Professor Sir John Lawton is a cult hero in conservation circles on account of his report ‘Making Space for Nature’ which is often simply referred to as the Lawton Report. In essence the report states that we need more wildlife sites, existing sites need to be bigger, they need to be better managed and we need to join sites together via habitat creation initiatives. This simple formula is summarised as more, bigger, better and joined up. You can download the full Lawton Report here.
Dartmoor and Devon owe a great deal to John Lawton – the acquisition of Fingle Woods by the National Trust and the Woodland Trust back in 2013 may well not have happened without his report. At the time I was the General Manager for the NT on Dartmoor and negotiated the WT partnership and the acquisition – one part of this involved getting approval from the NT’s Executive Team which included Helen Ghosh, the Director General, Simon Murray, then Director of Operations and Peter Nixon, the Director of Conservation for the £4m project. Fortunately they had read the Lawton report, had had a meeting with John and were very enthusiastic about what it meant for the National Trust. When I arrived at Heelis for the Projects and Acquisitions meeting it could not have been easier – they had, I think approved it before I even began to speak…. if only the process of getting the funding for the project to restore Castle Drogo had been so easy!
Last night I went to a lecture at the University in Exeter given by John Lawton on his vision for nature and the tactics needed to achieve it. It was well attended and very entertaining.
Lawton is a distinguished academic ecologist and is politically very savvy.
In addition to his report he is responsible for England’s 12 Nature Improvement Areas and the network of Local Nature Partnerships. His vision however goes way beyond what Government has permitted and funded to date and that was the subject of his talk.
He talked about his version and vision for a ‘re-wilded’ Britain. He compared and contrasted his ideas with those of George Monbiot. In essence he suggested Monbiot wanted to remove the people and let nature do its thing assisted by re-introduced herbivores and carnivores. His brand of re-wilding involved a ‘coalition of the willing’ who worked together skilfully using agricultural subsidies and economic benefits to achieve change at scale.

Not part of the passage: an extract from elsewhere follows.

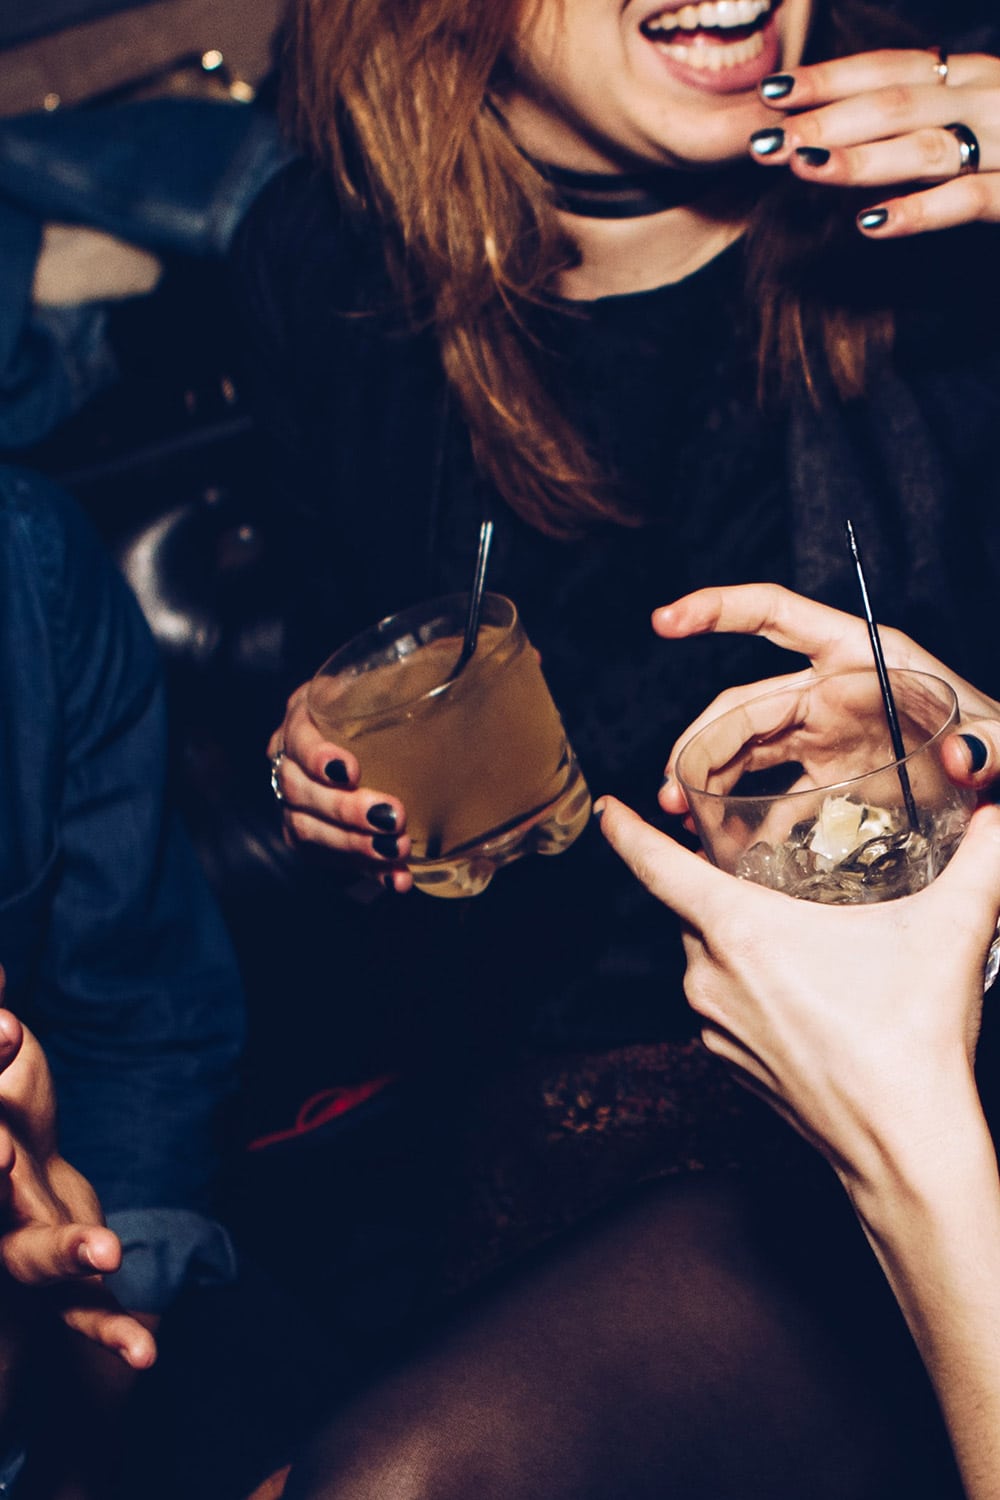 Angesagte Bars und Clubs prägen den Medienhafen und den benachbarten Stadtteil Bilk. Tanze die Nacht durch, triff dich mit Freunden auf einen Cocktail oder mische dich unter die Nachbarschaft.

He quoted two English examples – Wild Ennerdale in the Lake District and the Knepp Estate in Sussex and he went on to compare and contrast these with the truly wild landscapes of the Okavango Delta in Botswana and Yellowstone National Park in the US, the semi wild reserve at Polessie in Belorus (created following the Chernobyl nuclear reactor disaster and evacuation) and Oostervardersplassen the created reserve in the Netherlands.
Wild Ennerdale is a partnership between the National Trust, the Forestry Commission and United Utilities (a water company). By reducing intensity of management by lower stocking levels peaty water no longer rushes from the fells into Ennerdale reservoir and therefore there is no need for a water purification plant. United Utilities spend 60x less funding the re-wilding project than they would have spent running a water purification plant. Nature, the economy and people all benefit.

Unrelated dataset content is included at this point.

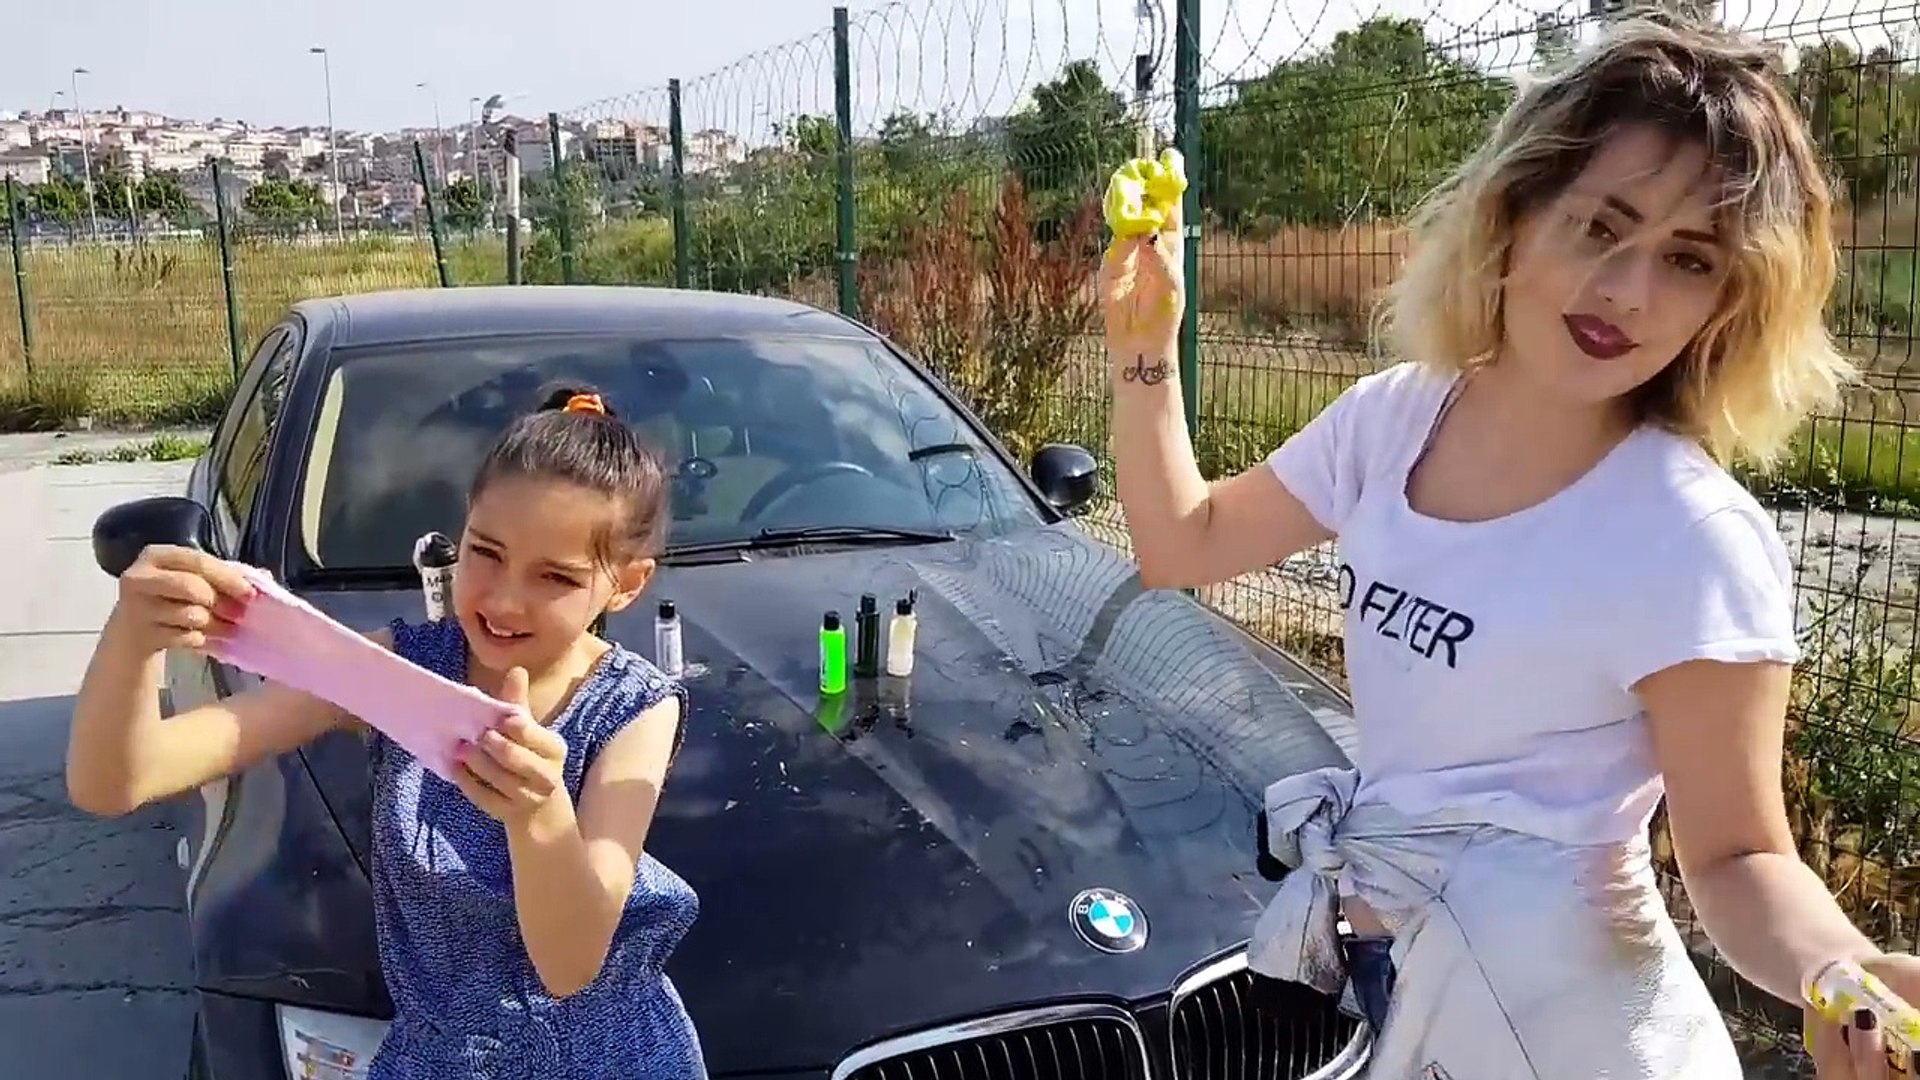 Babamın Arabasının Üzerinde En Güzel Slime Yarışması !! Gitti Güzelim Araba  - video Dailymotion

Knepp (which I visited and written about before – see here and here) is a project set up on a 3500 acre lowland Estate in Sussex by Charlie Burrell. Formerly an uneconomic arable farm it has been allowed to re-wild over the past 15 years and is extensively grazed by herds of long horn cattle, Exmoor ponies, Tamworth pigs and deer. The resulting ‘savannah’ of grassland, scrub and woodland has become a rare lowland haven for declining species such as the turtle dove, cuckoo, nightingale and purple emperor butterfly.
In this slide Lawton demonstrated how management intensity (by people) decreases with scale, it also shows where UK nature reserves sit and why ‘more, bigger, better, joined up’ is needed.
The direction of travel that is needed in Britain along with politics of achieving that change
Lawton also made the case for re-introducing the lynx in the Lake District and challenged the audience by saying ‘why not Devon too?’ He suggested that lynx would be able to control the burgeoning population of deer.
He also re-emphasised the role of conservationists in winning hearts, minds and politics.
Finally he concluded that special places needed permeable boundaries so wildlife could come and go.
An inspiring evening by a great champion of wildlife. Thanks to the Devon Local Nature Partnership, Devon County Council, Devon Wildlife Trust and the University of Exeter for organising it.
It is now up to the Devon Local Nature Partnership, local NGOs, conservationists, land managers, farmers and the residents of Devon to come up with some ideas and projects to create more spaces for nature, which are bigger, better managed and more joined up in Devon for the benefit of wildlife, people and the economy.